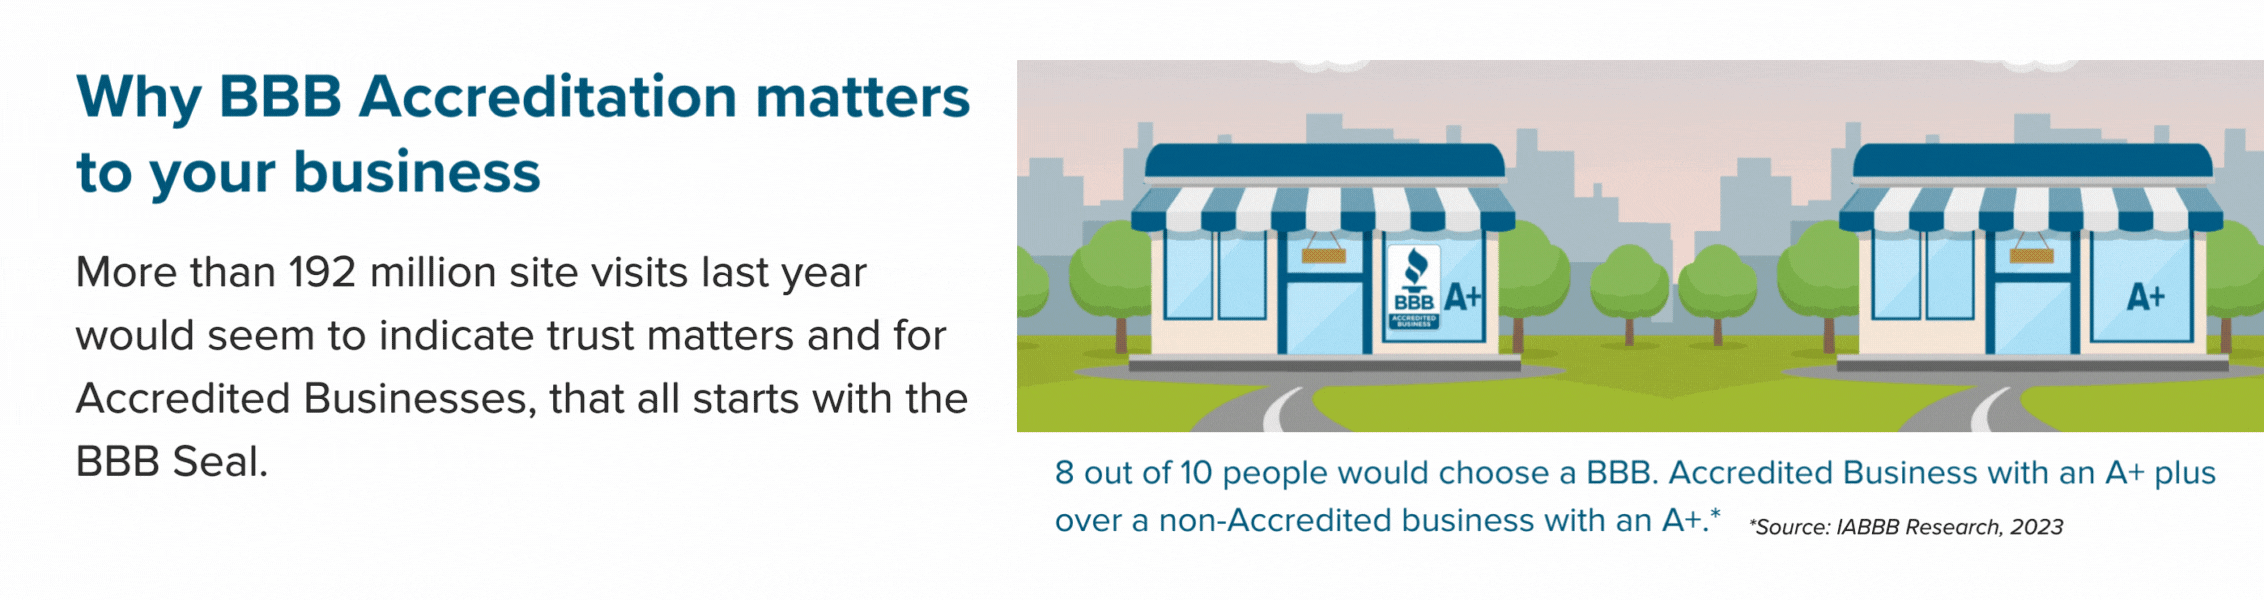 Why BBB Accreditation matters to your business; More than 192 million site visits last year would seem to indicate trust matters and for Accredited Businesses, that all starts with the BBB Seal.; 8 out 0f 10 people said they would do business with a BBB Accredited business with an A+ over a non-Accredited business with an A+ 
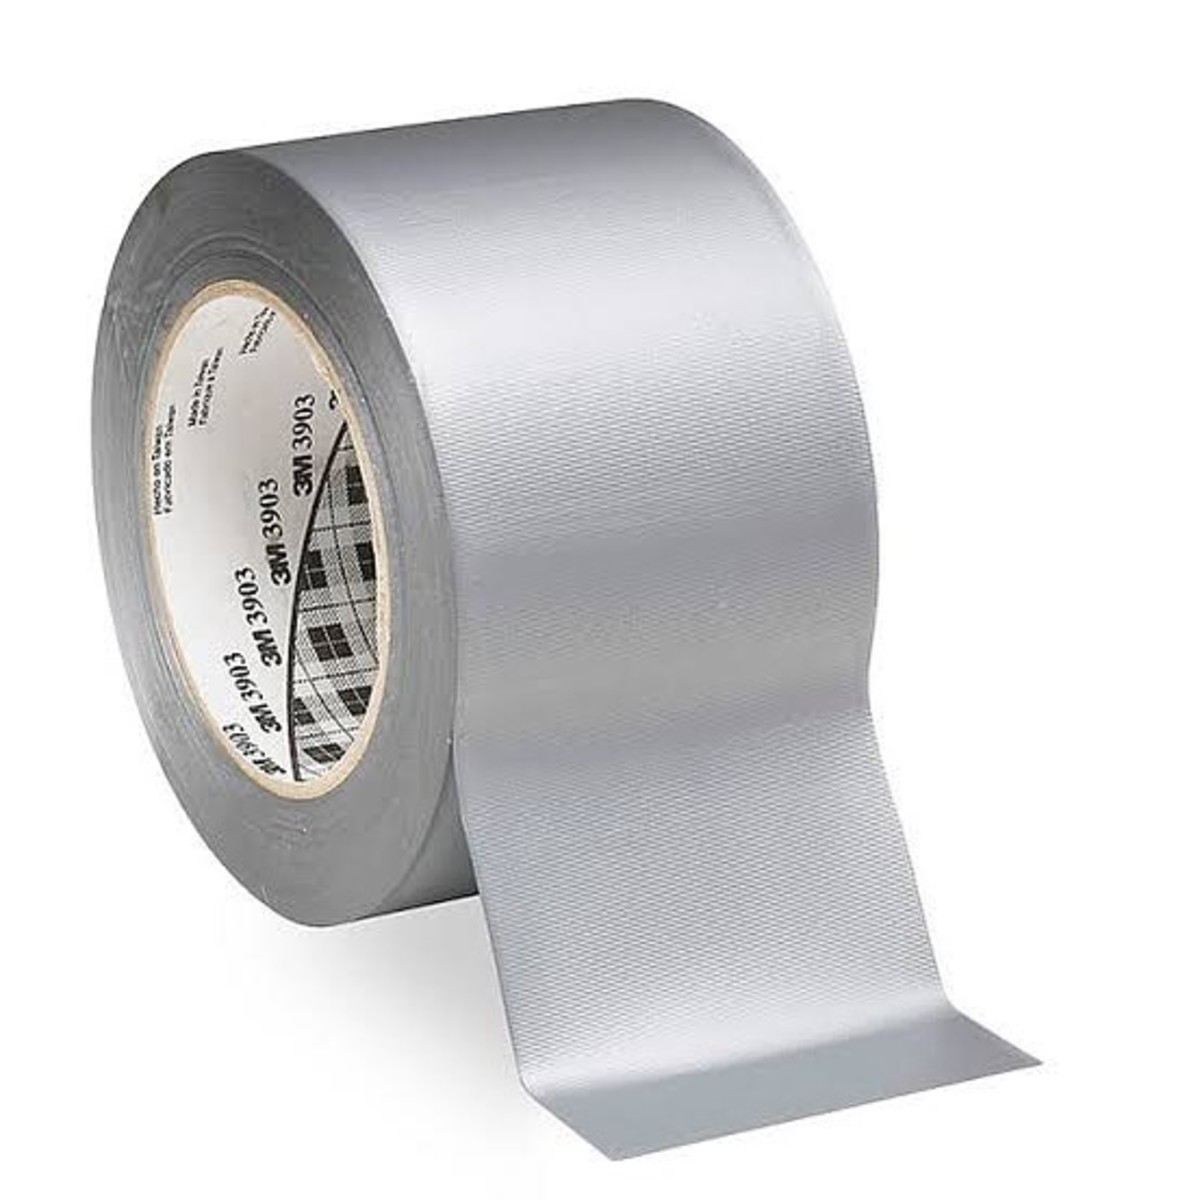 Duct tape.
= = = =
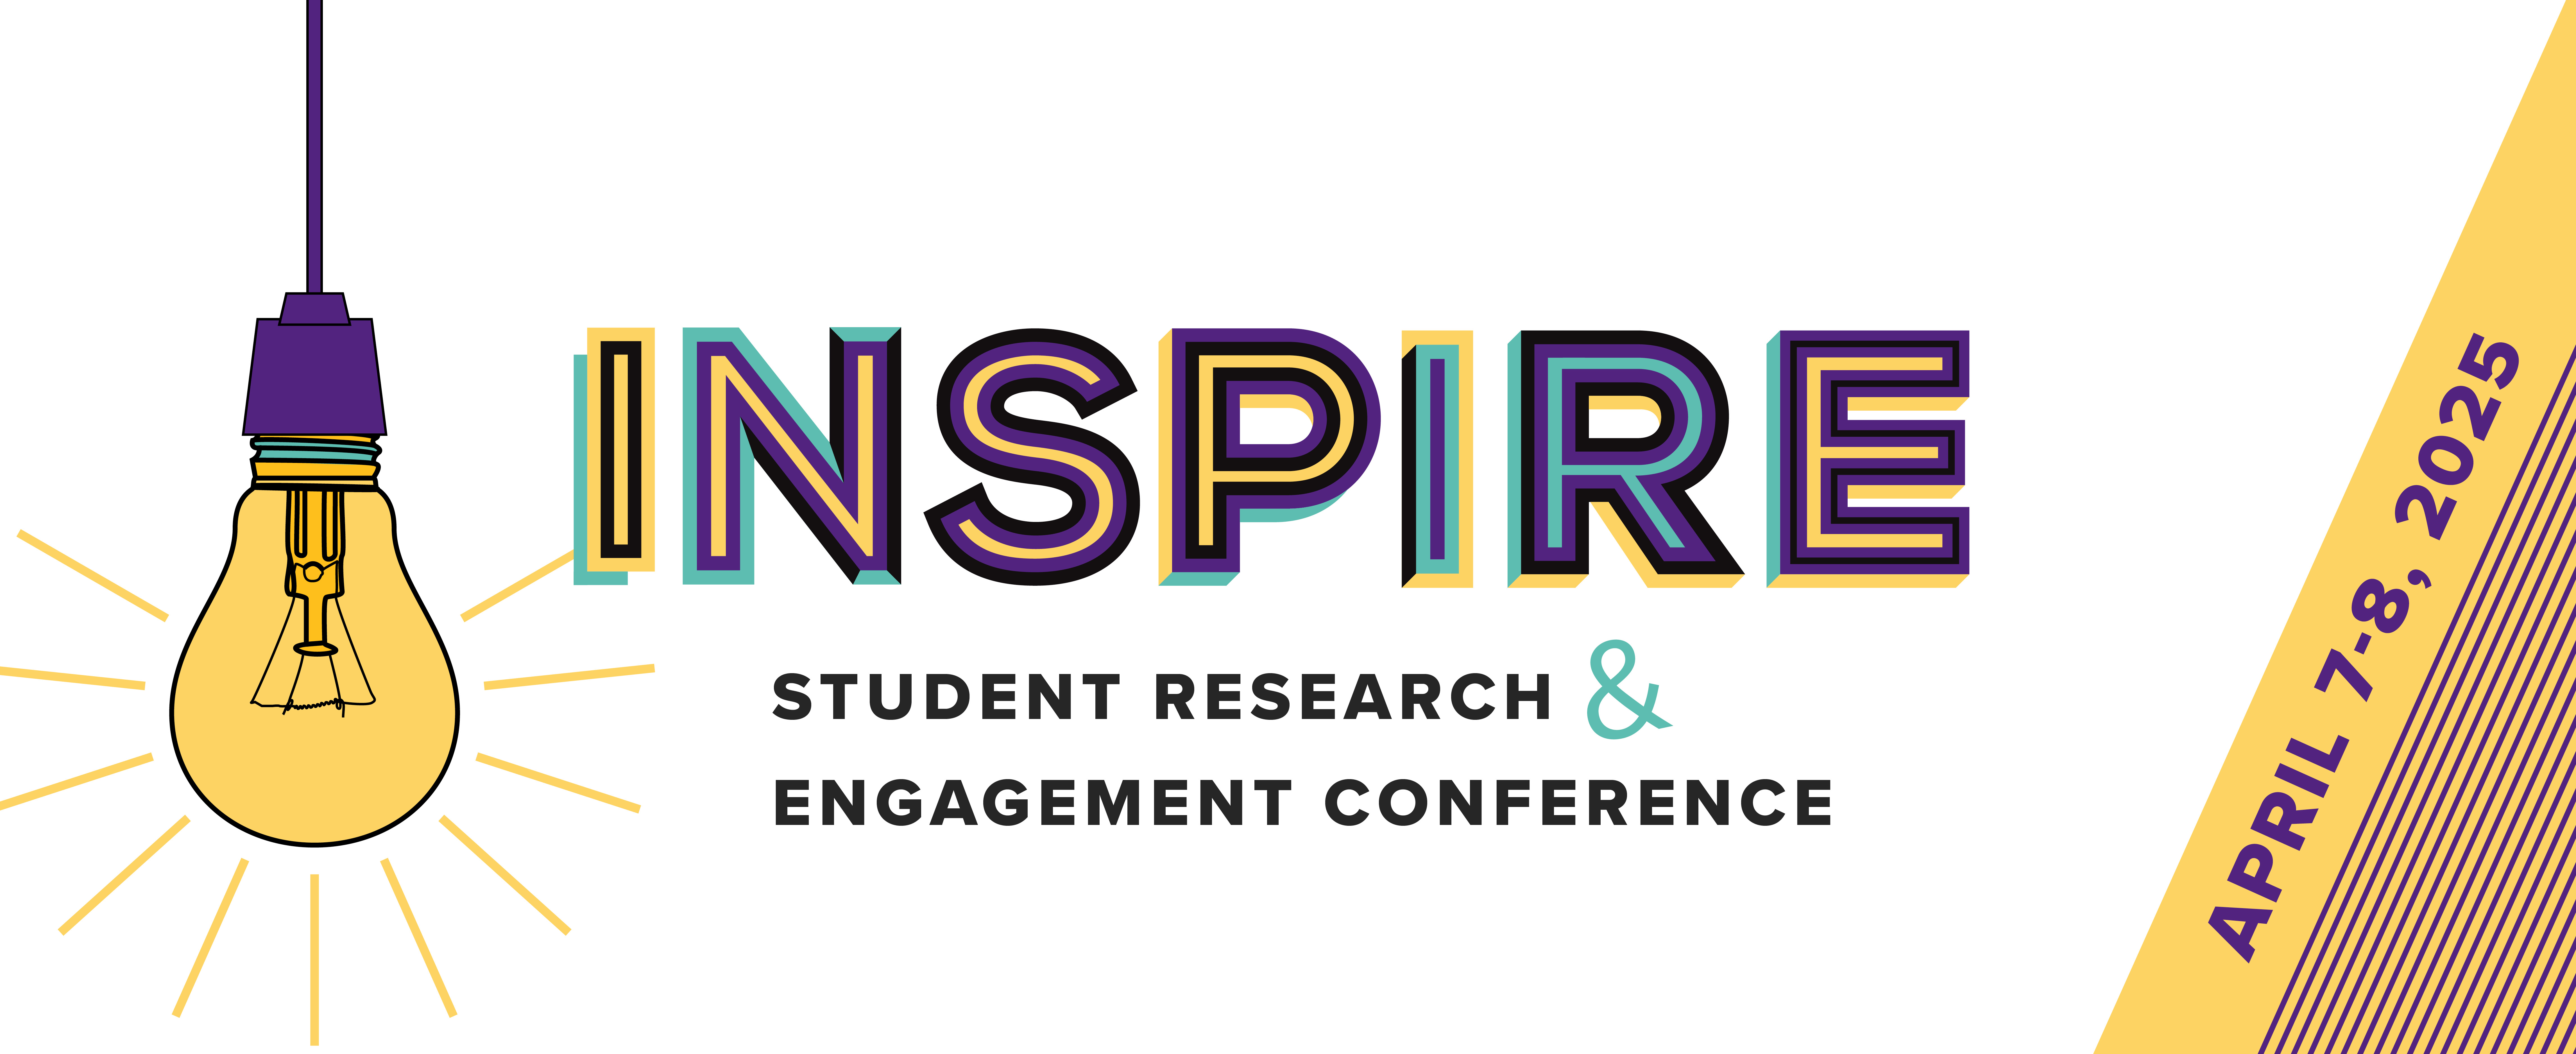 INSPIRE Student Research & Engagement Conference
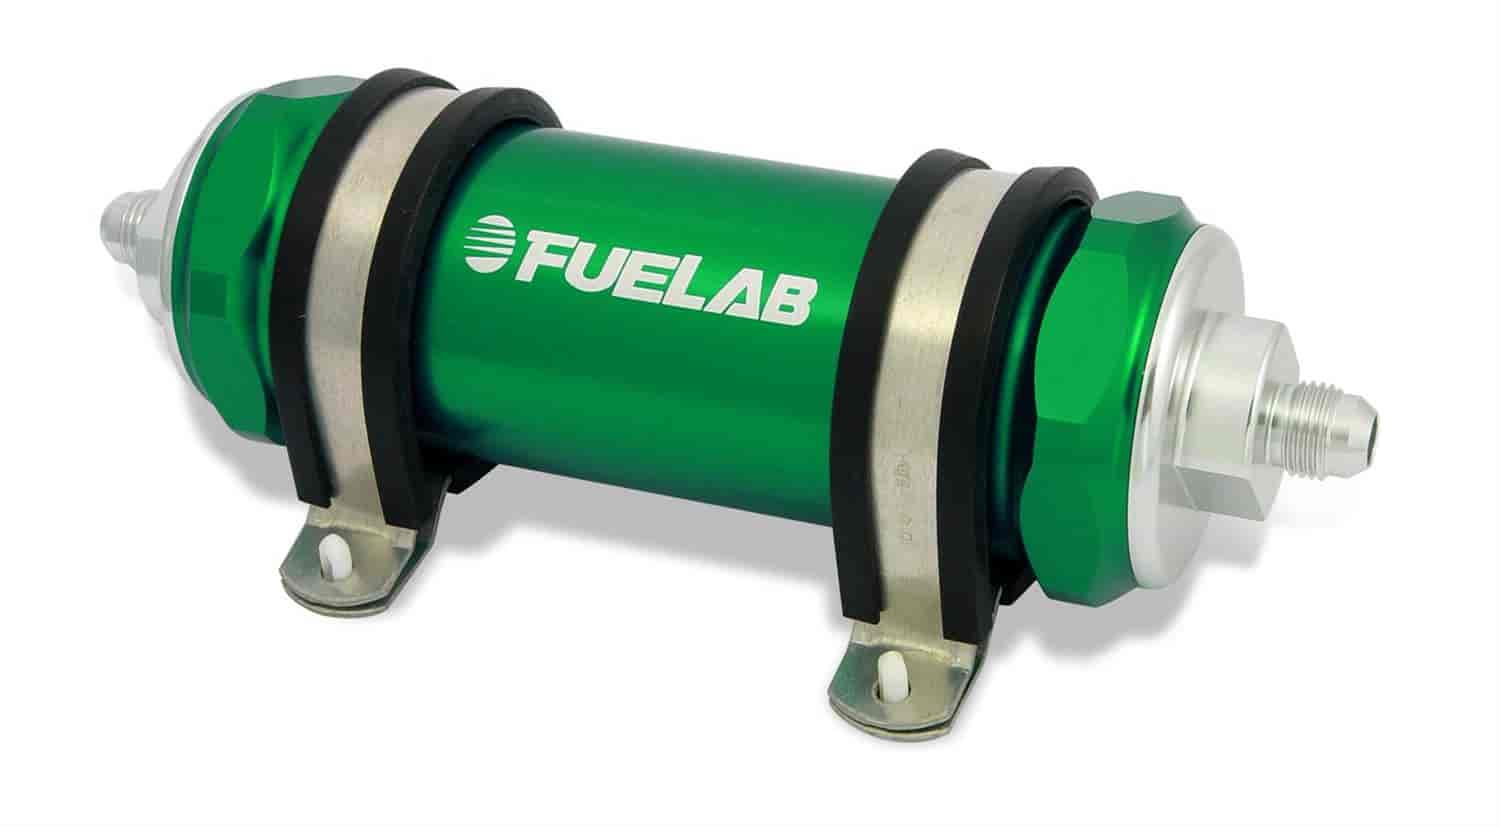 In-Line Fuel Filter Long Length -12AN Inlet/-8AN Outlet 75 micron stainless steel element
= = = =
Copy the lines above exactly, starting at the one with "INSPIRE Student Research" and ending at the one with "In-Line Fuel Filter", both included. Leave out any pictures and add nothing else.

Problem solution:
 INSPIRE Student Research & Engagement Conference
 In-Line Fuel Filter Long Length -12AN Inlet/-8AN Outlet 75 micron stainless steel element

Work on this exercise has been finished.